A Procura de "Topos"

Se a sociedade dissolve formas e medidas fixas e as substitui por elementos intercambiáveis, novas cristalizações momentâneas, mas profundas, são criadas. As noções de identidade, classe social e sexo não permanecem fixas mas retornam em novas composições, essenciais, porém efêmeras.

Como dissemos no plano da linguagem artística verificamos desde período do barroco e do romantismo a deformação, transfiguração, pulverização do objeto. Os achatamentos, a superposição da perspectiva e do espaço tridimensional e a destruição do objeto figurativo são cada vez mais frequentes.

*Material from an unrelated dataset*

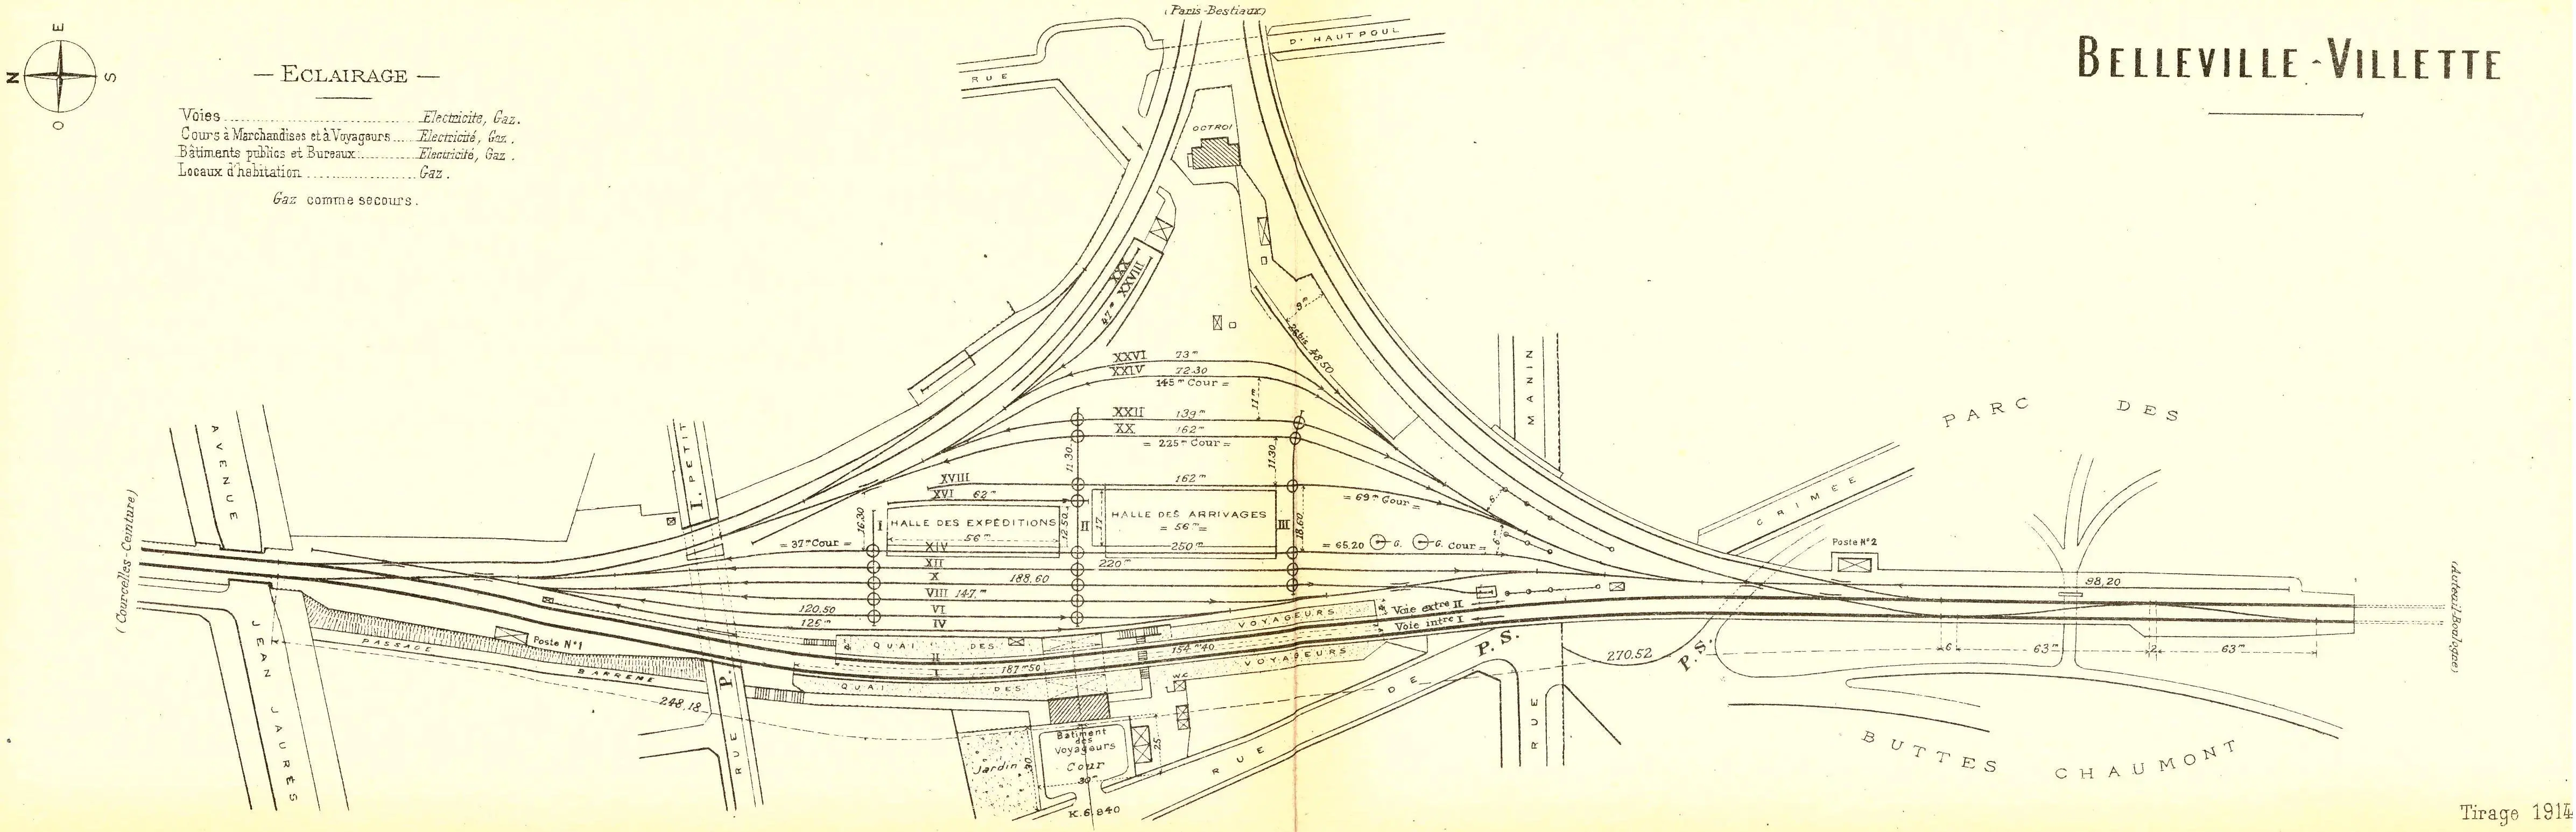 Plan des installations de la gare de Belleville-Villette en 1914 
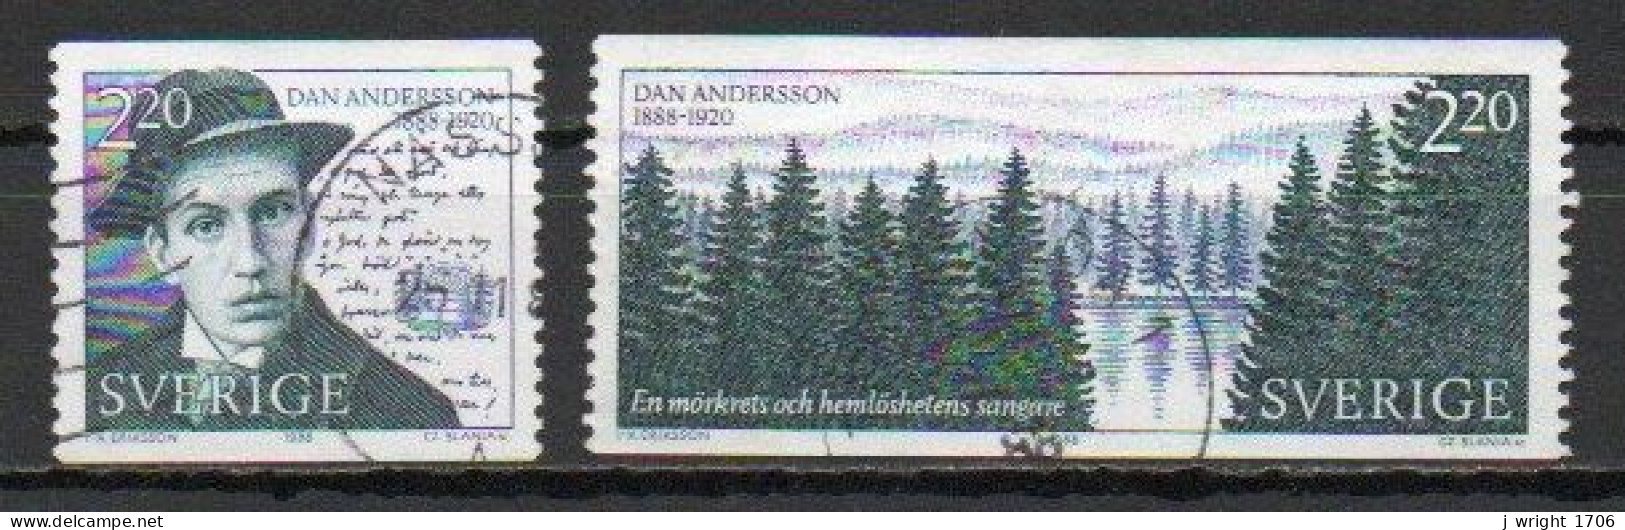 Sweden, 1988, Dan Andersson, Set, USED - Oblitérés

Mas, todavia observa-se o desejo de captar a essência do objeto, seu sentido supra-objetivo. Depois de toda decomposição, desestruturação não se estaria em busca de um sentido mais essencial para o objeto? Nas figuras da linguagem da moda poderíamos traduzir este sentimento pelo retorno de um lugar, uma identificação (mas não identidade), pontos de referência.

Nos dados empíricos constatamos a moda dos guetos : punks, skinheads, dos clubbers.

Observamos também uma tendência para trabalhar a moda com componentes da Índia, África, China, Japão, Alasca, México, Bolívia, Inglaterra, países árabes. Alguns estilstas destacam-se nesta procura. Entre eles Jean Paul Gaulthier, Christian Lacroix, Chloe, Romeo Gigli, Domenico Dolce e Steffano Gabanna.

Bibliografia:

Notícias recolhidas na Folha de São Paulo/93 à 95. -Coelho,T. "Moderno,Pós-Moderno", São Paulo, Iluminuras, 1995. -Levy, Pierre, As Tecnologias da Inteligência. O futuro do pensamento na era da informática, Rio de Janeiro, Editora 34, 1993. Maffesoli, M., La connaissance ordinaire, Paris, Ed. PUF, 1981. Eloge de la raison sensible, Paris, Ed. Grasset, 1996. No fundo das aparências, Petrópolis, Ed. Vozes, 1996.